Head Hunger - the feeling you have when your brain is telling you that you are hungry, but you are not. You might be thirsty, you might have just seen or smelled something that awakened a craving, or you might have just stumbled upon a trigger that used to cause you to eat (emotional stress, a time of day, a social situation..)
Real hunger isn't something that my stomach can feel yet - it will probably be 12-18 months post-op before I feel that again. That's part of why this is called the "honeymoon" period.
So this week has been enlightening in several ways. First - head hunger.
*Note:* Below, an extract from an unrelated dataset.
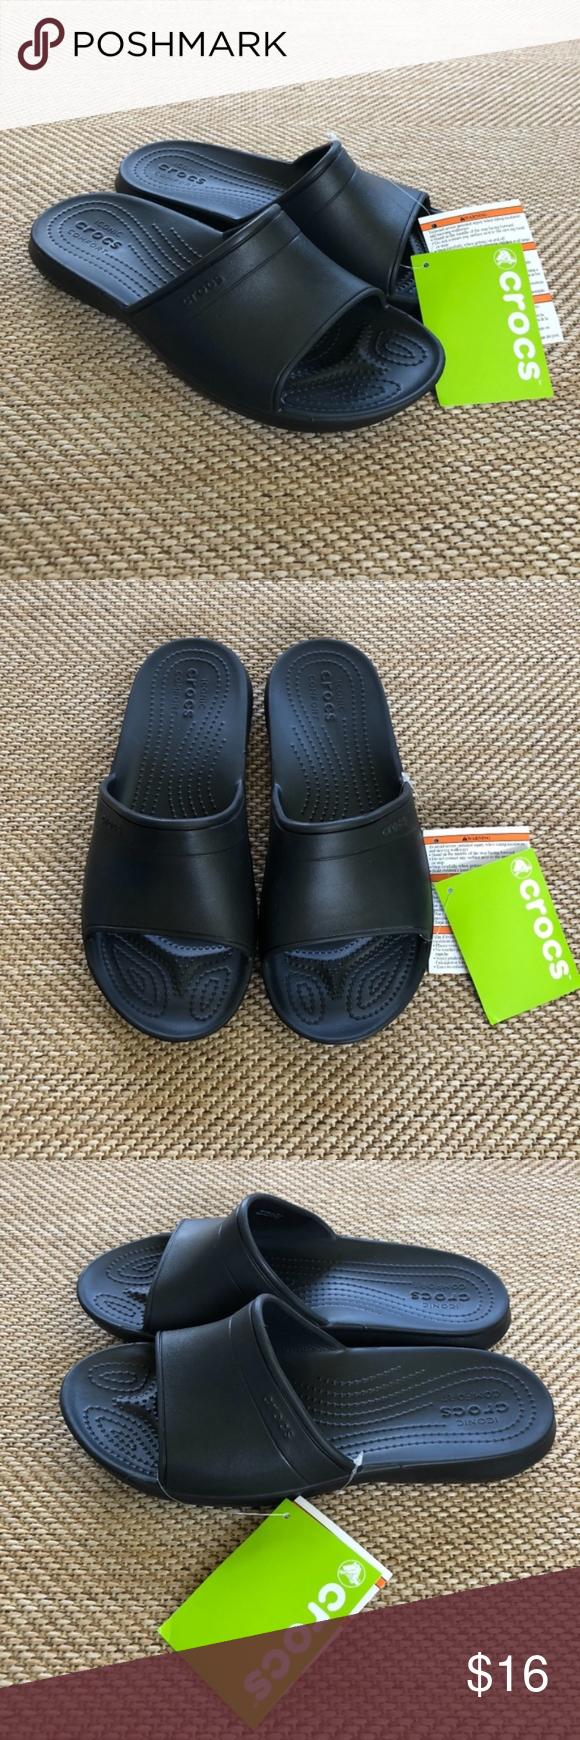 bf793f7a482d Crocs Classic Slides Sandals Crocs Classic Slides Sandals Size 9 CROCS  Shoes Sandals

I have experienced this numerous times before this week and dealt with it OK; drinking more fluids, sucking on a cashew, distracting myself. This week I experienced a stronger feeling, about 1 1/2 hours after dinner. I felt hungry. Not thirsty, but like I didn't have enough to eat. So, given that I had eaten 1/3 cup of cooked lentils with a couple tablespoons of greek yogurt for dinner, I thought "OK, I'll get a little more lentils.". Note - not craving something "bad" - head hunger can be sneaky! I got another 1/4 cup of lentils and started chewing slowly. After two bites, the "Uh oh" feeling hit, and I went and threw them up. Yuck. I cuddled up with blanket I thought about the other head hunger episodes I've experienced and realized that evening time is a trigger for me. A couple hours after dinner (about the time the kids start saying "can I have a snack") my head is trying to get me into my old habit of having a snack. I can distract myself, drink more fluids, etc, but it is still trying to fight me. Weird talking about your brain as if it's another person. Anyway, I decided the best thing I can do is put it out there. My kids (and sweet hubby) are never happy to listen to me get sick - so when I said "Hey guys, I just realized I should NEVER eat after dinner. It will only make me sick. Drinking and sugar free popsicles are OK, but no food" they listened and I knew I would be held accountable. Hah! Take that sneaky head hunger!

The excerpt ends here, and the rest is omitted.